Bir genç kız “Ben öğretmen olacağım.” dediğinde gülümser miydi?
Bir çiftçi “Tarlam bereketli olsun yeter.” derken gururlanır mıydı?
Bence evet, hem de çok…
Çünkü Cumhuriyet, işte bu insanlar sayesinde yaşar.
Unutmayalım değerli okurlar;
Cumhuriyet sadece 1923’te ilan edilmedi,
Her sabah yeniden ilan ediliyor.
Her dürüst insanın yüreğinde,
Her çalışkan gencin hayalinde,
Her dua eden annenin kalbinde Cumhuriyet yeniden doğuyor.
Bu bayram sadece kutlanacak bir gün değil;
Hatırlanacak, sahip çıkılacak, yaşatılacak bir emanettir.
Çünkü bu topraklarda özgür yaşamak kolay kazanılmadı.
Nice canlar, nice genç ömürler gitti o uğurda.
O yüzden bayrağımızı asarken sadece süs olsun diye değil;
Şükranla, saygıyla, gururla asalım.
Bugün çocuklarımızın elinde bayraklar var.
O minik eller var ya…
İşte onlar Cumhuriyet’in geleceği.
Bizim görevimiz, o ellere tertemiz bir gelecek bırakmak.
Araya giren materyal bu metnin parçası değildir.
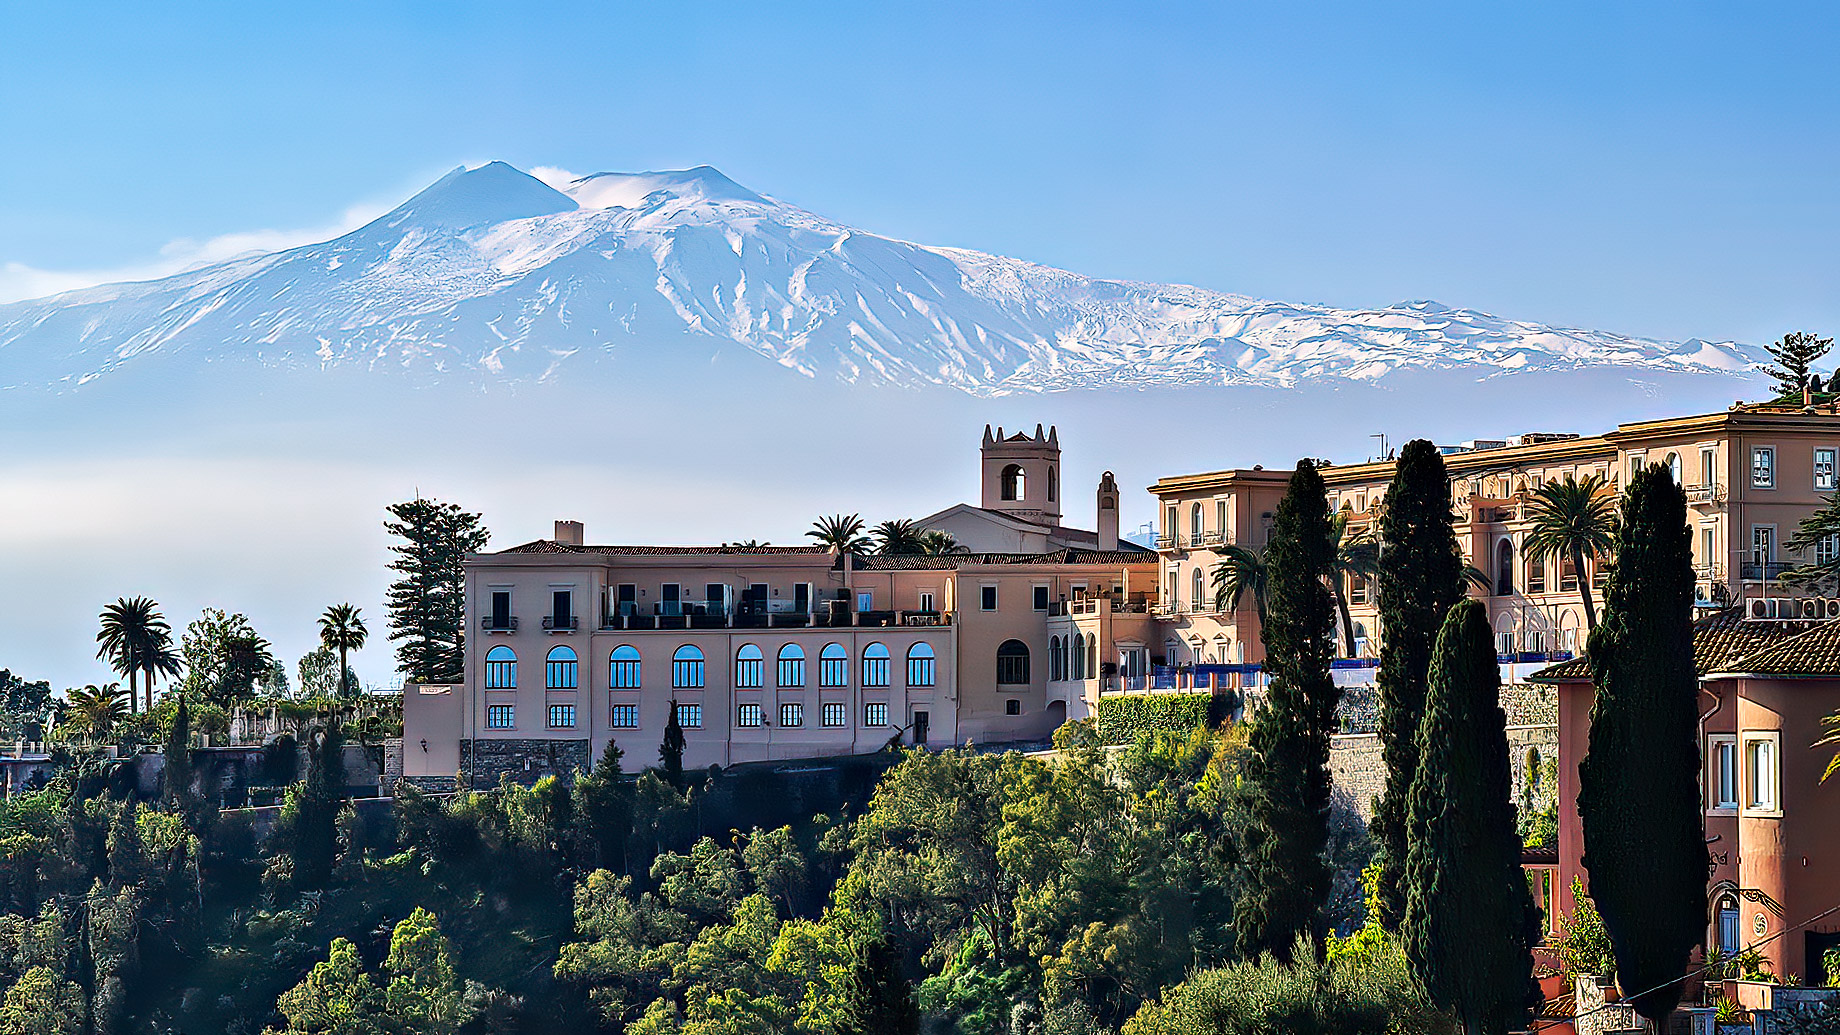 Luxury San Domenico Palace Hotel with panoramic view on snow capped Mount Etna

Ne güzel söylemiş Atatürk:
“Cumhuriyeti biz kurduk, onu yaşatacak olan sizlersiniz.”
Ve bugün, 100 küsür yıl sonra…
Biz o sözü tutuyoruz.
Göynük’te, Bolu’da, Anadolu’nun her köşesinde…
Bu memleketin insanı hâlâ dimdik, hâlâ umut dolu.
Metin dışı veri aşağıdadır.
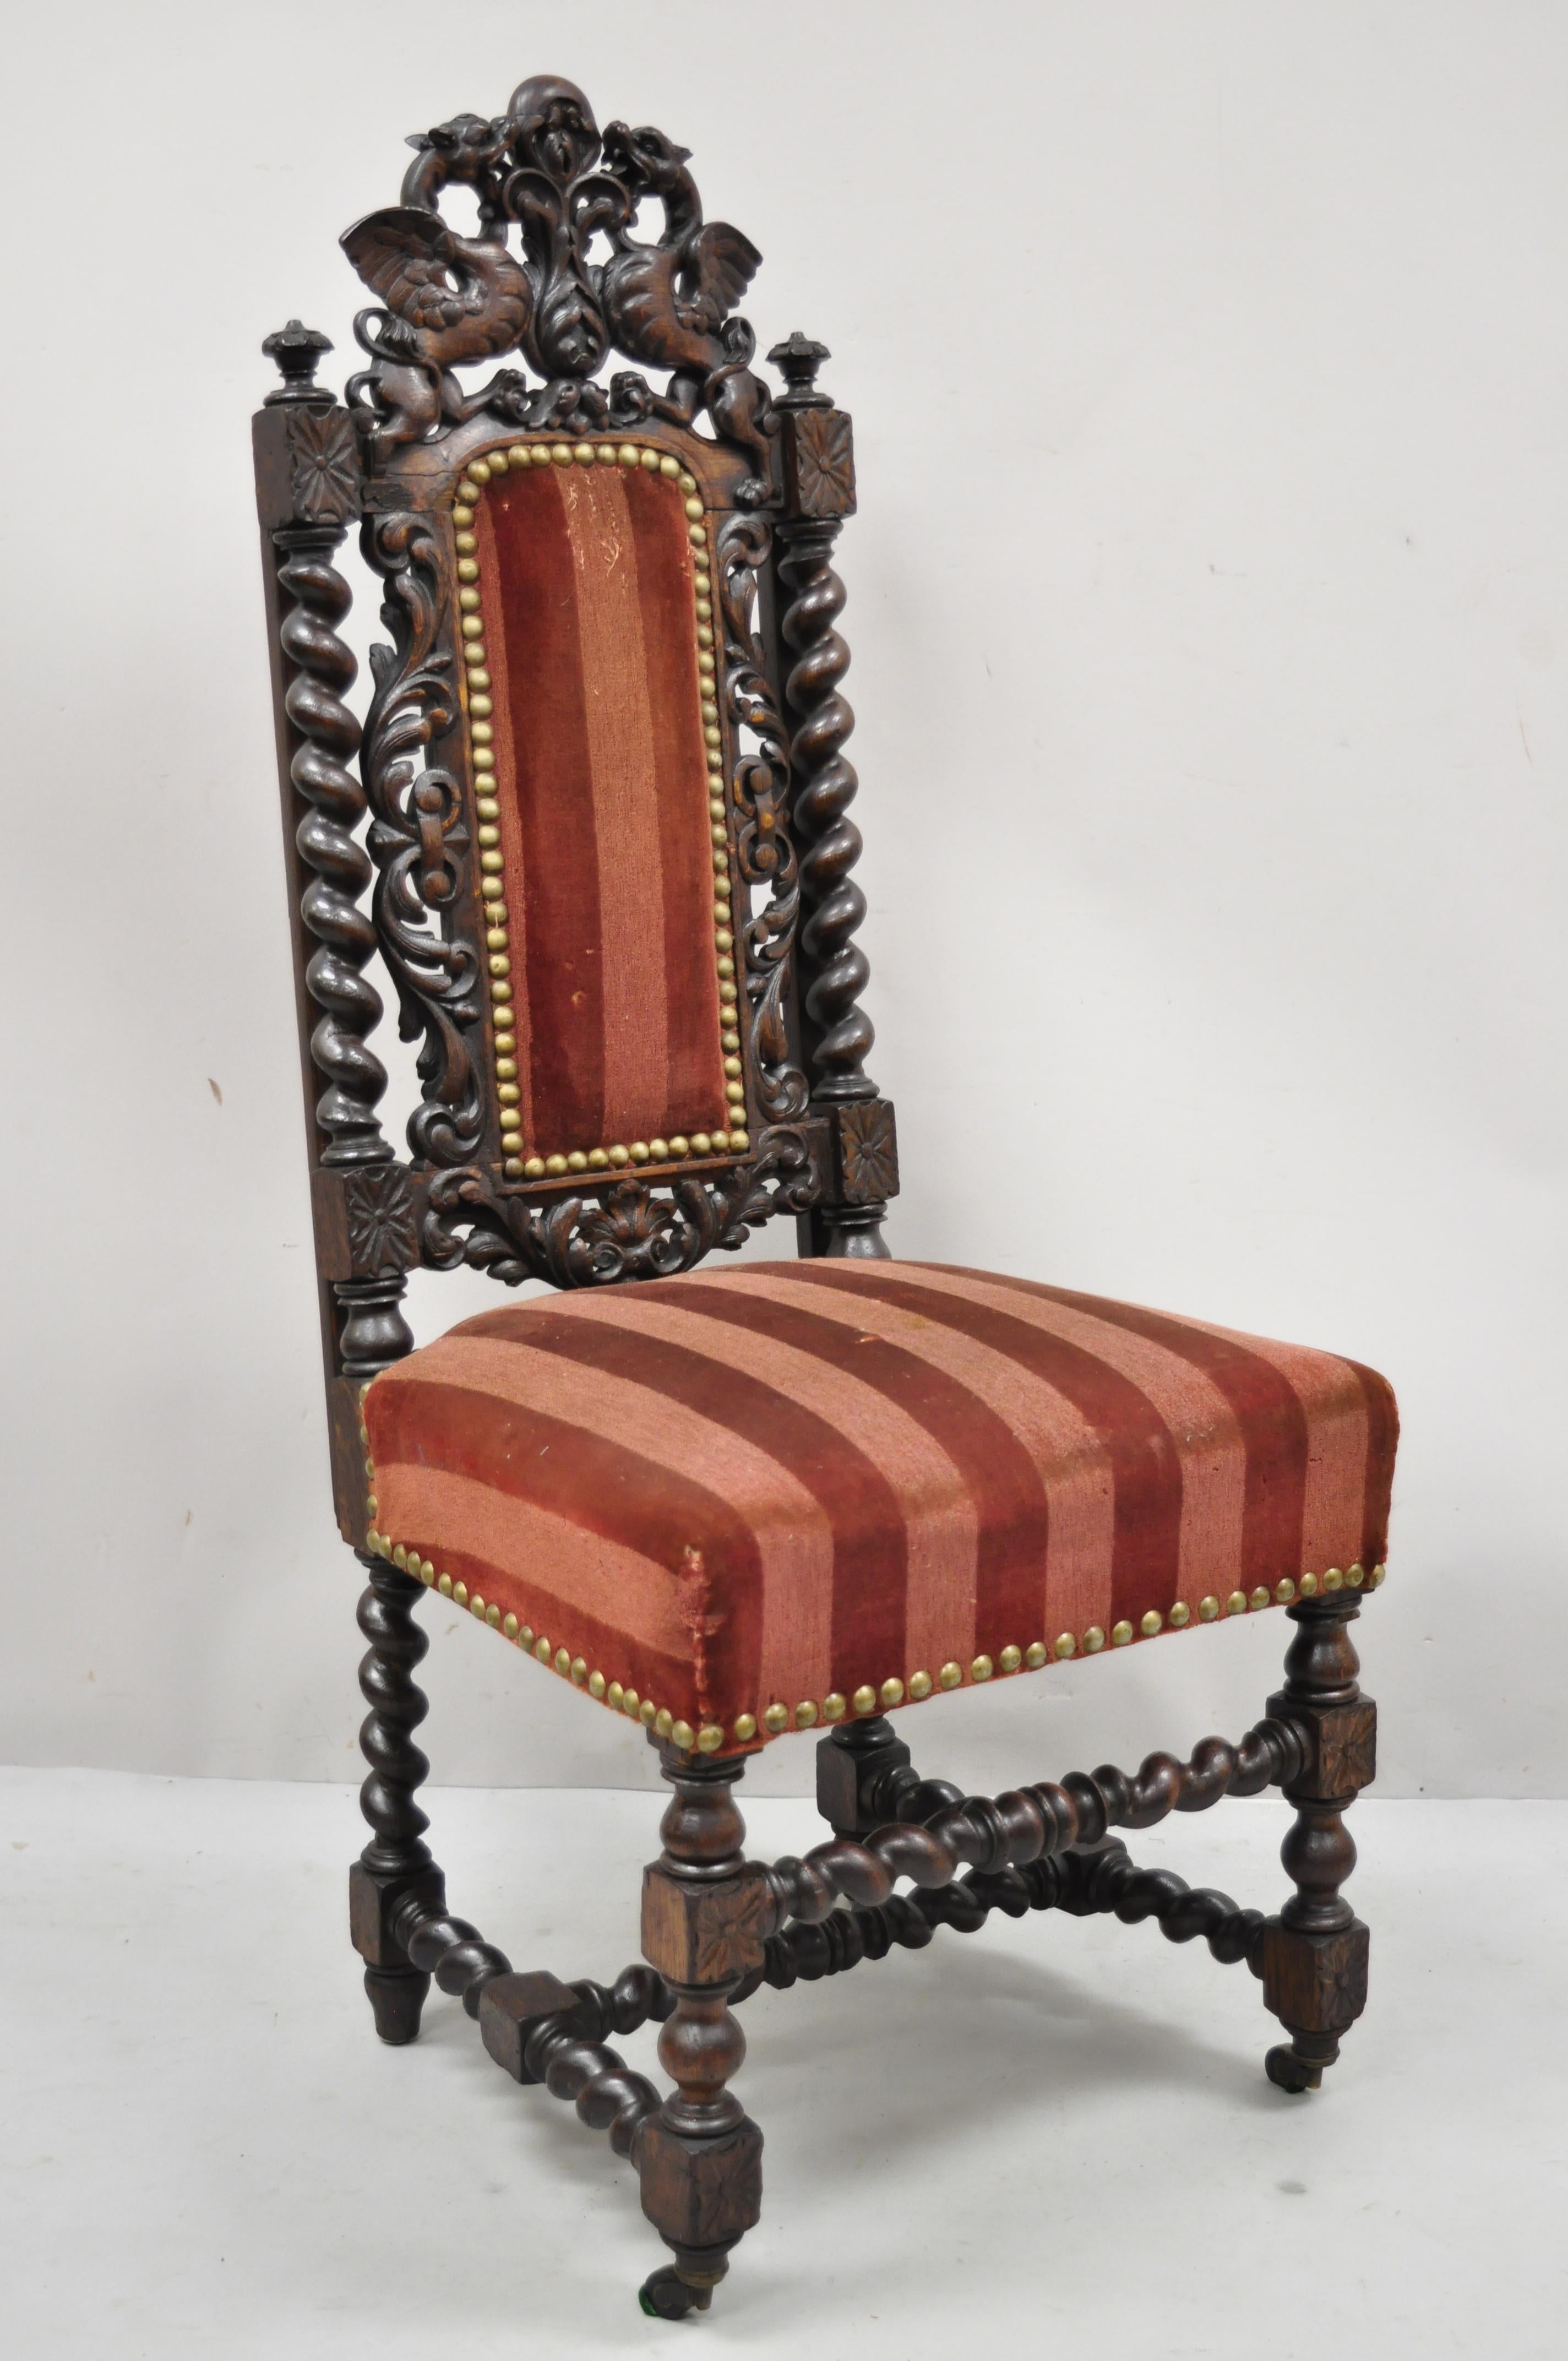 Antique Italian Renaissance lion dragon winged griffin carved barley twist side chair. Item features winged dragon griffin carved backrest, barley twist spiral carved supports, solid wood frame, beautiful wood grain, Circa 19th century.

Gelin bu 29 Ekim’de bir kez daha içten, yürekten diyelim:
“Yaşasın Cumhuriyet!”
Bugün bayraklar dalgalansın,
Sokaklar kahkahalarla dolsun,
Gözlerde yaş, kalplerde gurur olsun.
Çünkü Cumhuriyet, bu milletin kalbinde atıyor.
Ve o kalp, Göynük’te de atmaya devam ediyor
Ve hep devam edecek inşallah.
Göynük Gazetesi’nin yeni baskısı vesilesiyle, bizlere her zaman destek olan, doğruya sahip çıkan, karalamalara izin vermeyen tüm değerli okurlarımıza da gönülden teşekkür ediyorum.
Sizlerin ilgisi, sevgisi ve güveniyle bu sayfalar anlam bulmaya devam edecek.
Kalemimiz sizden güç alıyor, Göynük’ün sesi sizlerle daha gür çıkıyor.